S’il est un parti politique qui espère accaparer M. de Chateaubriand et trouver dans les Mémoires un plaidoyer en sa faveur, ce parti sera singulièrement détrompé ; l’auteur des Mémoires ne relève que de lui. « Respectant le malheur, dit-il, et me respectant moi-même, respectant ce que j’ai servi et ce que je continuerai de servir au prix du repos de mes vieux jours, je craindrais de prononcer vivant un mot qui pût blesser des infortunes ou même détruire des chimères ; mais, quand je ne serai plus, mes sacrifices donneront à ma tombe le droit de dire la vérité. Mes devoirs seront changés ; l’intérêt de ma patrie l’emportera sur les engagemens de l’honneur dont je serai délié. Aux Bourbons appartient ma vie, à mon pays appartient ma mort. »

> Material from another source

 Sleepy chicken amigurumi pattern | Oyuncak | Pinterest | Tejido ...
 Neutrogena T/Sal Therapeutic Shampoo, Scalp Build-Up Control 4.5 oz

Les dernières pages des Mémoires sont imposantes, mais tristes. Après avoir énuméré tous les signes de décomposition sociale, tous les symptômes de la grande et universelle maladie d’un monde qui se dissout, M. de Chateaubriand s’écrie : «D’autres hommes ne sont pas cachés derrière les hommes actuels ; si tout changeait demain avec la proclamation d’autres principes, nous ne verrions que ce que nous voyons : rêveries dans les uns, fureurs dans les autres, également impuissantes, également infécondes. » Cependant l’illustre écrivain ne désespère pas de l’avenir. «Un avenir sera, dit-il, un avenir puissant, libre, dans toute la plénitude de l’égalité évangélique ; mais il est loin encore, loin au-delà de tout horizon visible... Avant de toucher au but, avant d’atteindre l’unité des peuples, la démocratie naturelle, il faudra traverser la décomposition sociale : temps d’anarchie, de sang peut-être, d’infirmité certainement. Cette décomposition est commencée ; elle n’est pas prête à reproduire de ses germes non encore assez fermentes le monde nouveau. »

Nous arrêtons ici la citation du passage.